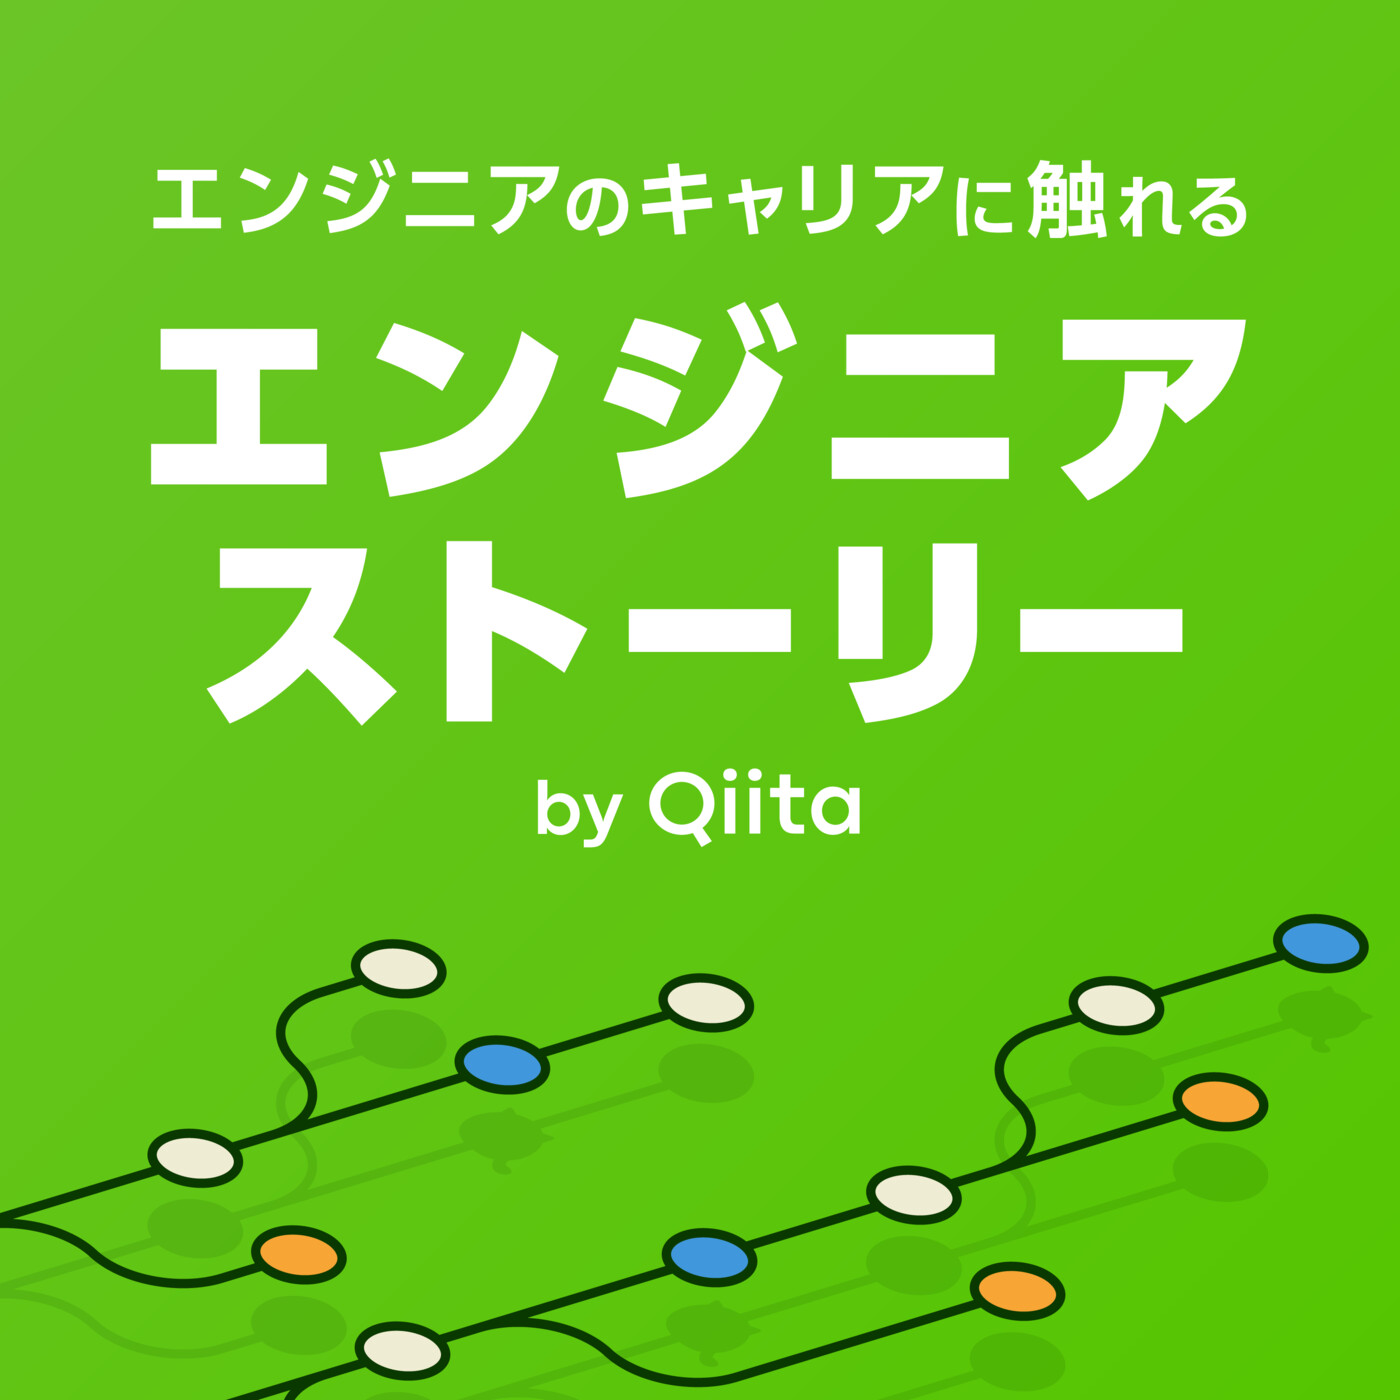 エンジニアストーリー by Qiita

▬▬▬▬▬▬▬▬▬▬

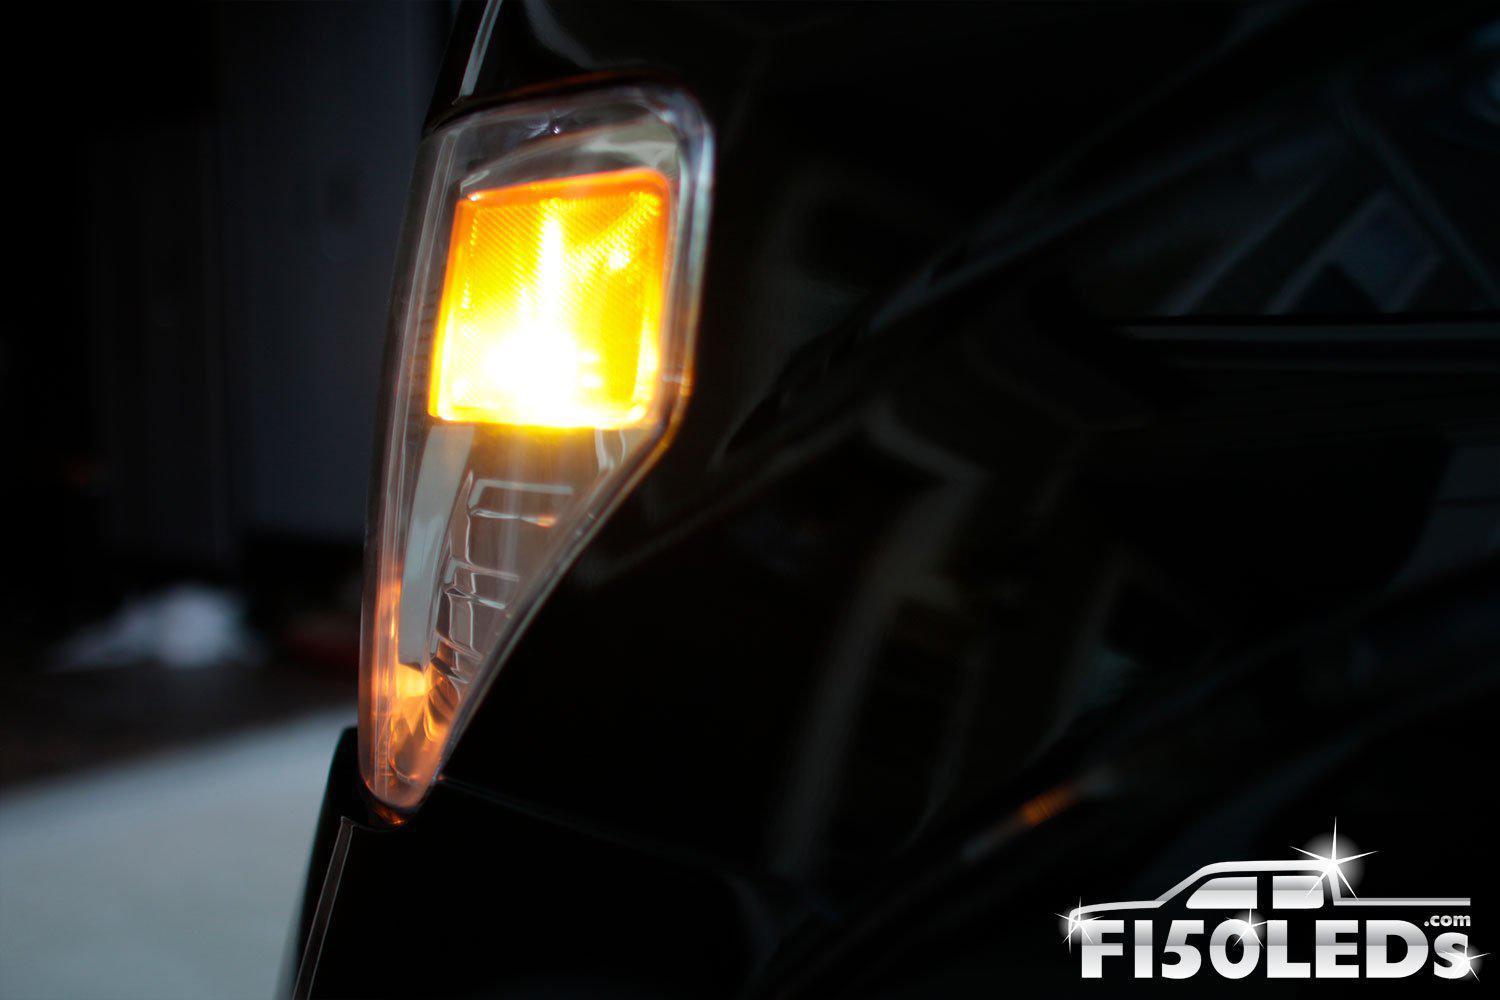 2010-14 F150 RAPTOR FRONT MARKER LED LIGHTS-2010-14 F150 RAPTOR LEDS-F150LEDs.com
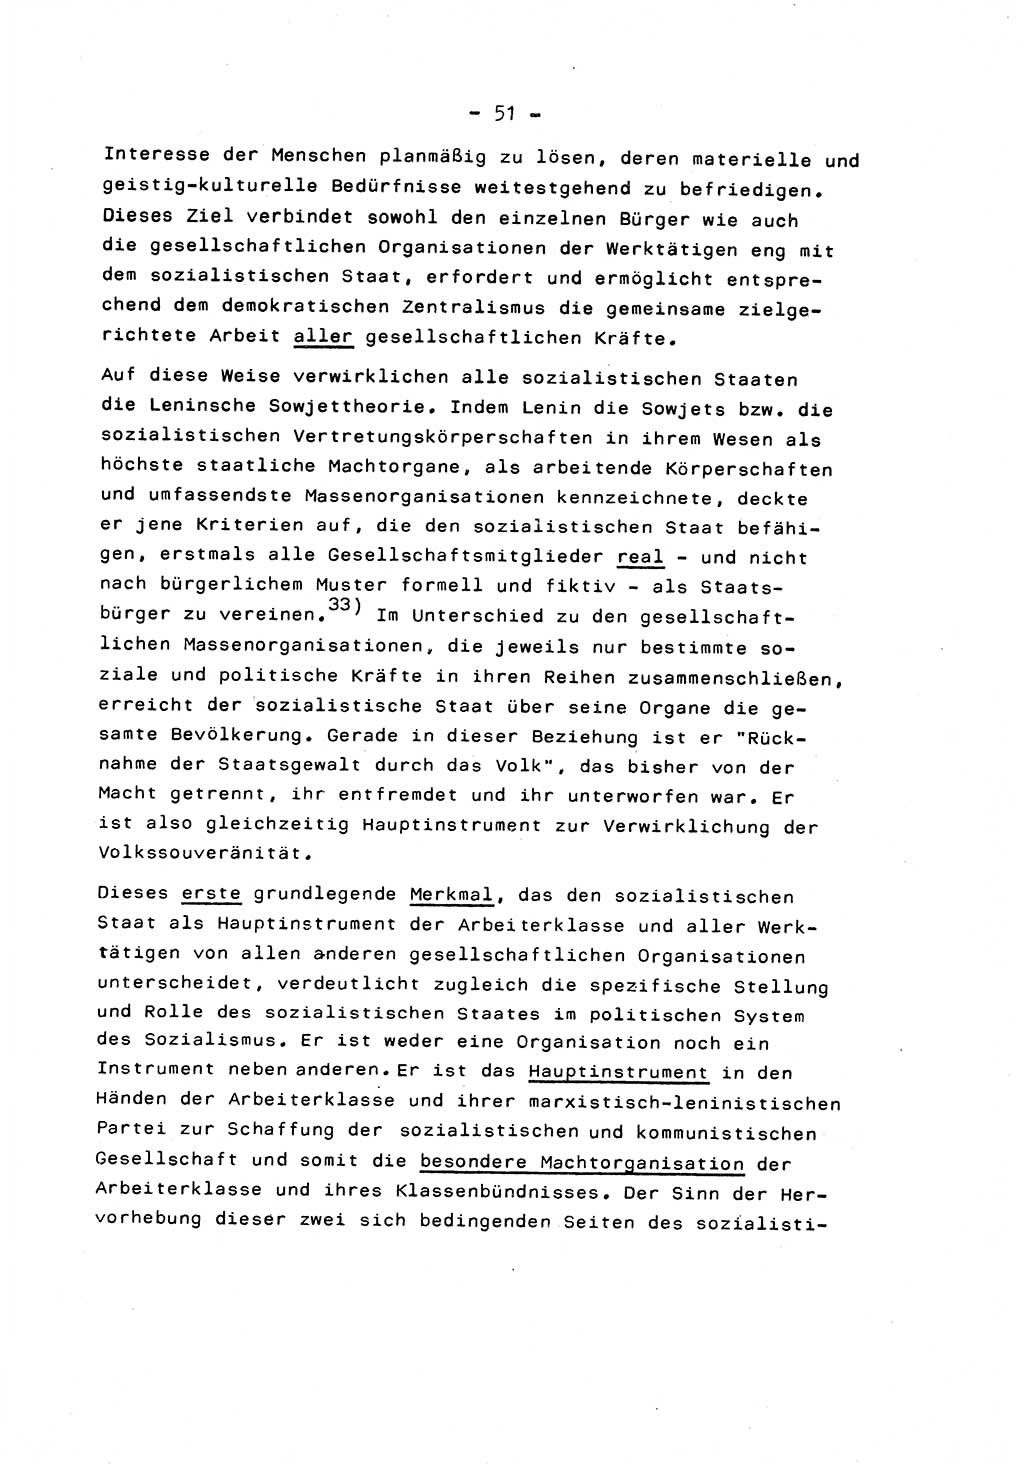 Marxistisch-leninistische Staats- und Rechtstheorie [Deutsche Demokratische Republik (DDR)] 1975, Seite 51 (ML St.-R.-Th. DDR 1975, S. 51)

▬▬▬▬▬▬▬▬▬▬

Your goal
Once the line with "2010-14 F150 RAPTOR FRONT" is found above, transcribe each line from it through the line with "Marxistisch-leninistische Staats- und", exactly, and omit the pictures.

Expected output
 2010-14 F150 RAPTOR FRONT MARKER LED LIGHTS-2010-14 F150 RAPTOR LEDS-F150LEDs.com
 Marxistisch-leninistische Staats- und Rechtstheorie [Deutsche Demokratische Republik (DDR)] 1975, Seite 51 (ML St.-R.-Th. DDR 1975, S. 51)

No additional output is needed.